For those that own a cottage in Northern Michigan, there is good news for cottage inheritance. There are two recent changes to the way property taxes are levied in Michigan, both of which give significant opportunities to owners of vacation or other residential property who wish to keep the property in the family.

The Michigan Legislature recently passed two bills designed to provide relief from the “uncapping” of residential property value in a limited number of transfers of ownership. The intent of these changes is to exempt from uncapping those transfers of ownership of residential property to younger members of the same family. Without these exemptions, children would often face an increase in property taxes of 3, 4 or even 5 times the amount paid by their parents prior to the parents’ death.

The first change to uncapping laws came in bill PA (2012) 497, which exempted transfers of ownership of property among qualifying family members so long as the use of the property didn’t change following the transfer. The qualifying individuals included the owner’s spouse, father or mother, father or mother of the spouse, son or daughter, including adopted children and son or daughter of the spouse. However, guidelines were soon issued to local tax assessors that required the transfer to take place while a parent was alive, and all transfers by inheritance (by will, intestate succession or by distribution from a trust) were said to be not covered by the exemption. Thus, it quickly became apparent PA 497 did not address the manner in which many property owners transferred that property to their children.

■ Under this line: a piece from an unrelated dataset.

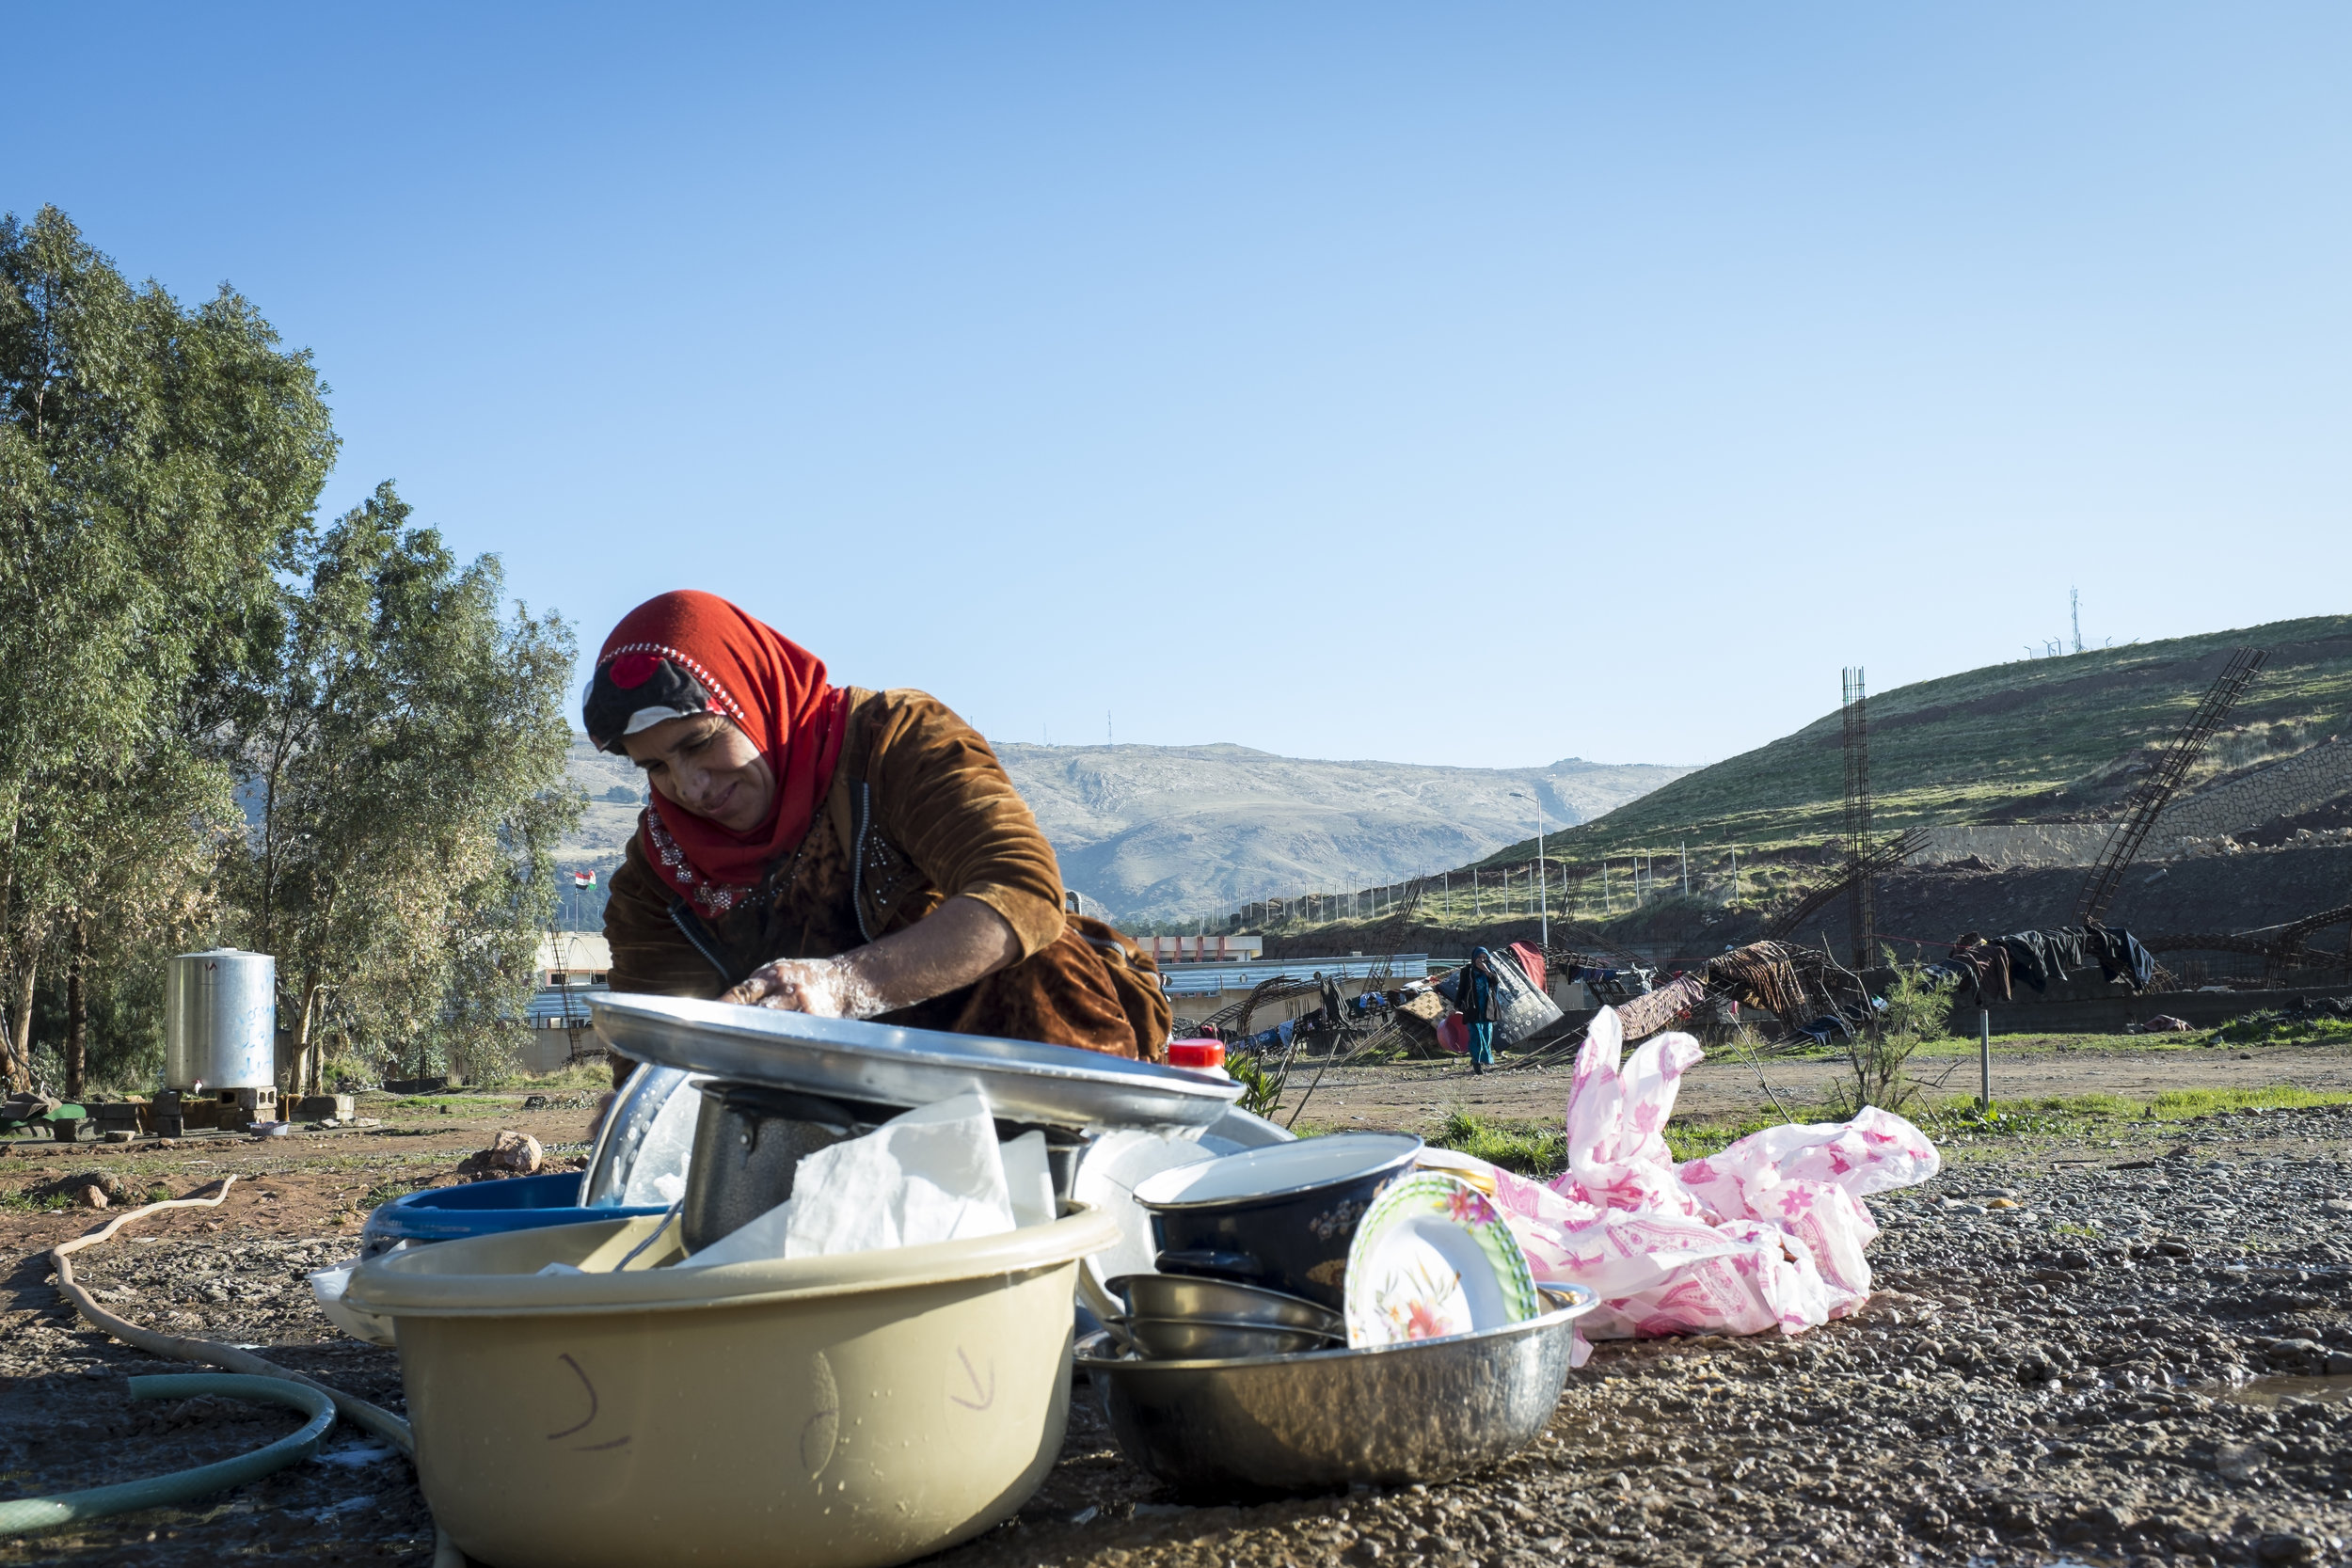 20141204_Refugees_GH_0204.jpg

The second change to the uncapping laws became effective on January 1, 2015 and is known as PA (2014) 310. It expanded the group of relatives who are eligible to benefit from PA 497, and allows property owners to leave residential property to eligible relatives in a trust or will without uncapping the property taxes on the death of the owner. Under the new law, the eligible relatives include the owner’s spouse, the owner’s or spouse’s mother, father, brother, sister, son, daughter, adopted son, adopted daughter, grandson or granddaughter. It also added a requirement that the property may not be used for any commercial purpose following the transfer. The new law now also exempts from uncapping a change of beneficiaries of a trust that owns Michigan property, so long as the new beneficiaries are in the same group of relatives.

There are some issues that still need additional clarification, such as what activities constitute “commercial use” of the property (does renting the property for a few weeks a year amount to “commercial use”?), and when does a transfer actually occur (on the parent’s death or on the distribution of the property from the estate?), but property owners now have an opportunity to transfer property to the next generation without worrying about a property tax increase that may make it impossible to keep the property in the family.